Commitment changes with a real trail

When scope changes, committed costs should change with it. Commitment Change Orders replace ad hoc edits with a formal change workflow for purchase orders and subcontracts.

Teams can track the original commitment, approved changes, and updated committed amount in one place, with line-level edits, new line items, reasons for change, and supporting documentation all tied to the record. That gives project and finance teams a cleaner audit trail and a much better shot at catching margin drift before month-end.

Retainage without the spreadsheet

BuildOps now manages AP retainage inside the billing workflow. Instead of calculating holdback by hand and tracking release timing in a separate file, teams can withhold, track, and release retainage directly on subcontractor bills.
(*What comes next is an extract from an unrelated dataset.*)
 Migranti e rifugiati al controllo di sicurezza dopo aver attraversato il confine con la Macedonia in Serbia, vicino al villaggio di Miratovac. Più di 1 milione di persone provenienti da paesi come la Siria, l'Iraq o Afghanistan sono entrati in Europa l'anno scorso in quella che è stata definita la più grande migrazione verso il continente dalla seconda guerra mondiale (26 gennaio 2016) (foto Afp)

Held amounts, release events, and balances stay tied to the subcontract, the bill, and the project, with Intacct support built into the workflow. Less spreadsheet cleanup, less reconciliation risk, and better visibility into what is still owed.

Documents that don’t turn into side work

Teams can generate branded PO and subcontract PDFs directly in BuildOps with smart fields, custom layouts, logos, and multiple templates for different document types.
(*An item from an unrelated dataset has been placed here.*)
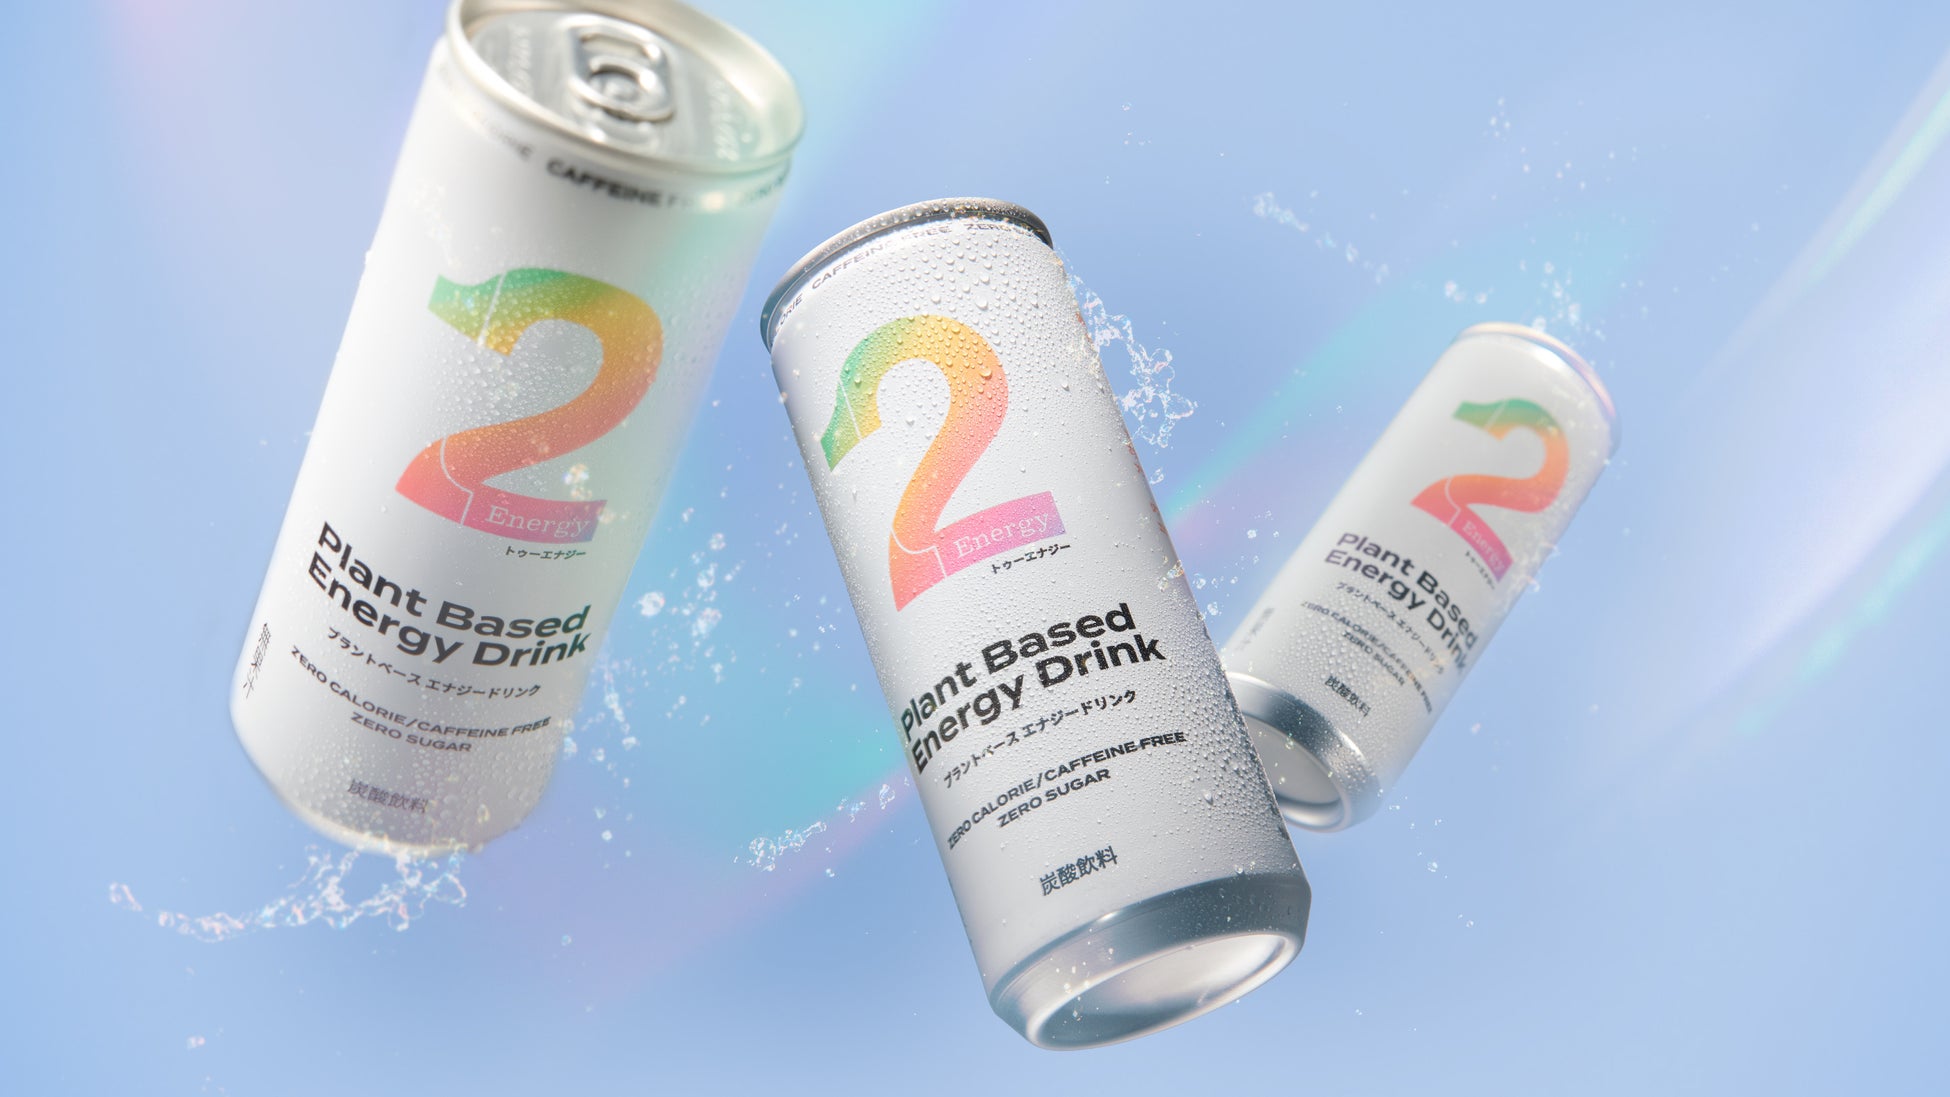 カフェインフリー・ゼロカロリー・ゼロシュガーの3つのギルトフリーを実現したプラントベースエナジードリンク「2Energy」9月26日発売

Admins can set defaults, users can preview and make minor edits before sending, and PDFs stay tied to live project data instead of drifting into disconnected files. The result is less manual formatting, fewer document errors, and vendor-facing paperwork that actually looks like it came from a serious operation.

Permissions that keep control tight

BuildOps also adds fine-grained permissions across purchase orders, subcontracts, and Commitment Change Orders. Admins can control who can view, create, edit, approve, void, export, email, and manage attachments.

That means teams can move faster without giving up control over sensitive procurement actions.

Why it matters

Every commitment, change order, retainage release, document event, and permissioned action now stays structured, auditable, and connected inside the platform. That keeps the workflow cleaner today and gives OpsAI better context to surface what matters tomorrow — from billing gaps to document context to cost changes that should not get buried until month-end.

And that matters because the way contractors buy, bill, and manage risk today is a lot more complex than it was 30 years ago. Modern projects move faster, involve more stakeholders, and leave less room for lag between the field, office, and accounting. Contractors need purchasing tools built for that pace — not generic workflows built for somebody else.